So i worked with veterans for a few years.
To me, John is absolutely reminiscent of a lot of the… slightly scarier vets?
Like he absolutely is hyper vigilant
Like… people only picture that as like scared and eyes darting all over the place, panicky, but … it also manifests in a much… slower… more deliberate way of looking around. Walking into a room and taking a quick scan of it to pick out the best way to escape, the most likely looking people to start trouble, mood of the room so you know if you need to play it cool.
So he walks through the door, quick glare at everyone, then a forced smile as he loosens his posture and plays it cool. But the SECOND anything starts turning he isn’t remotely startled, just moves right towards that stack of beer bottles he noticed on his way in, palms it and positions himself where he needs to be in order to take someone out.
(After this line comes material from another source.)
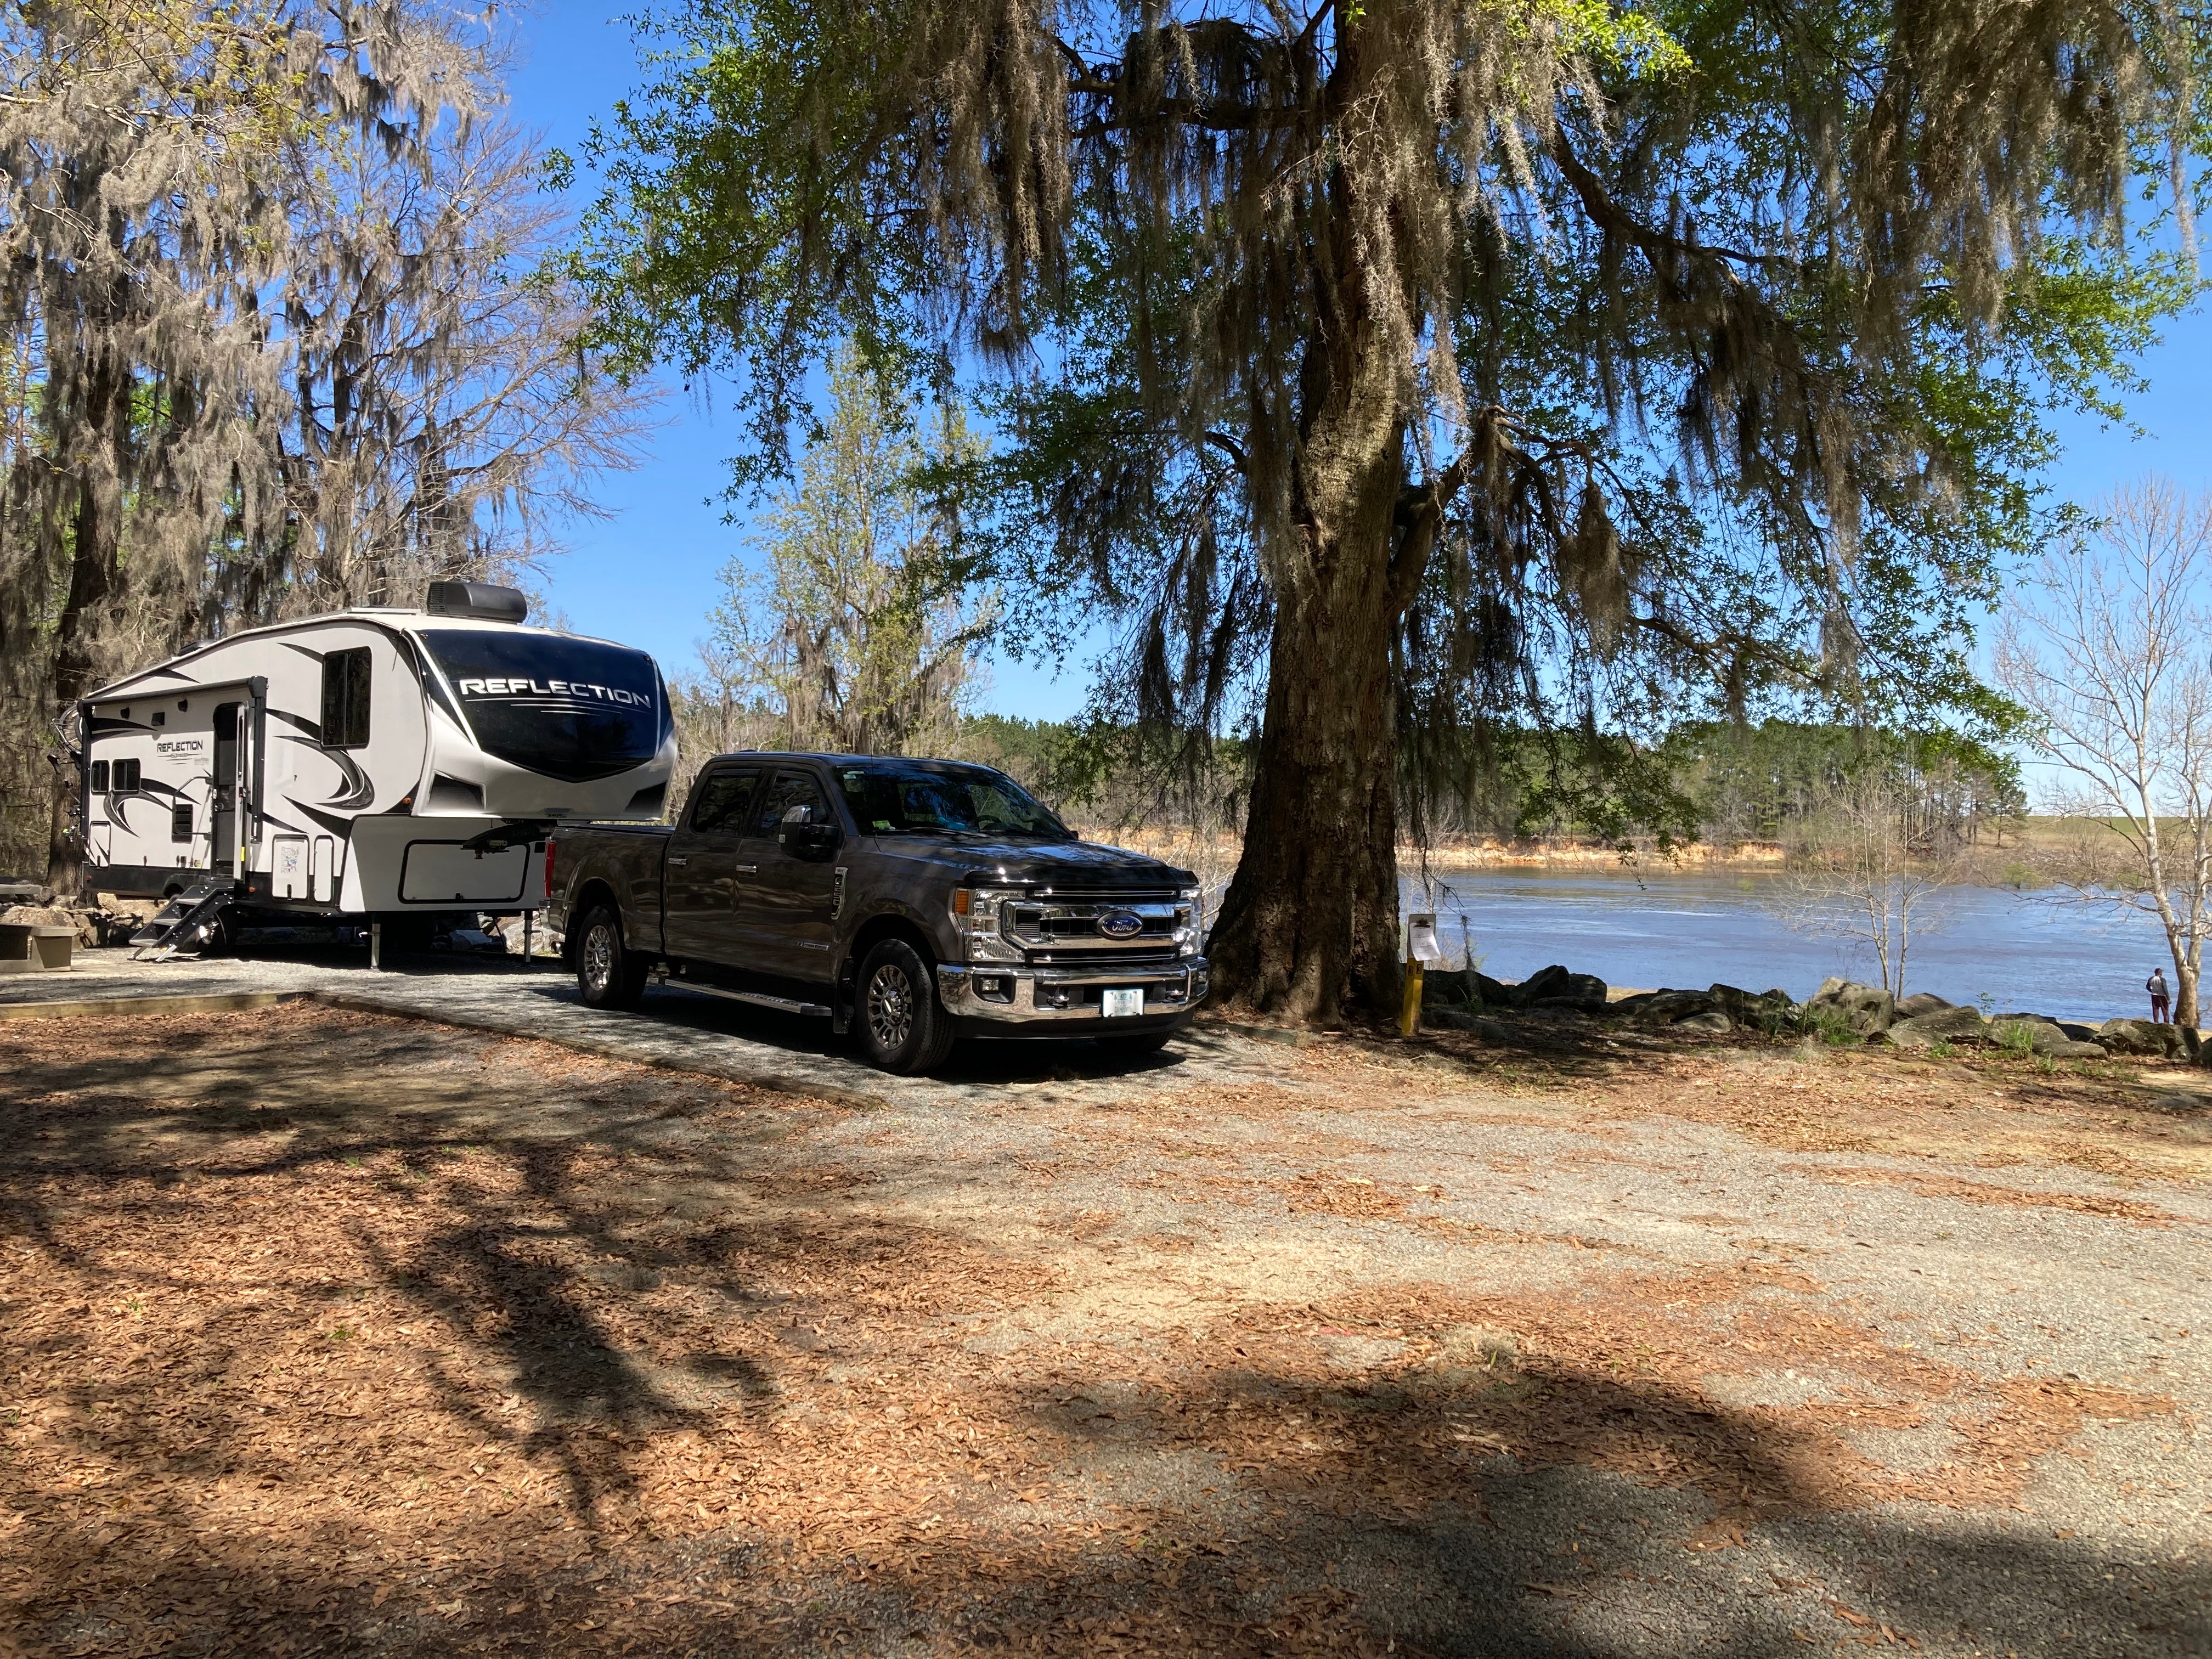 Camper submitted image from Killebrew Park - 1

When the situation cools he’s reluctant to put the bottle down, but he does it anyways. Either spends the rest of the evening hovering near the bottles or else purposely stays away from them, while being incredibly aware of how far away they are.
JOhn’s the type of vet that seems pretty much to be fine, but his family will say hes secretive and more intense than he used to be.
John is the kind that stays completely calm and quiet while someone yells at him, but everything in the set of his jaw and the way he’s shifted his balance, screams out silently ‘please give me a reason, any reason, you have no idea who you’re picking a fight with’
i ADORE john but anytime i see a fic where he is nothing but sweet and understanding, all i can think is how much, to me, JOhn is playing the role of a civilian. He knows how to do it, and most people probably think he plays it flawlessly.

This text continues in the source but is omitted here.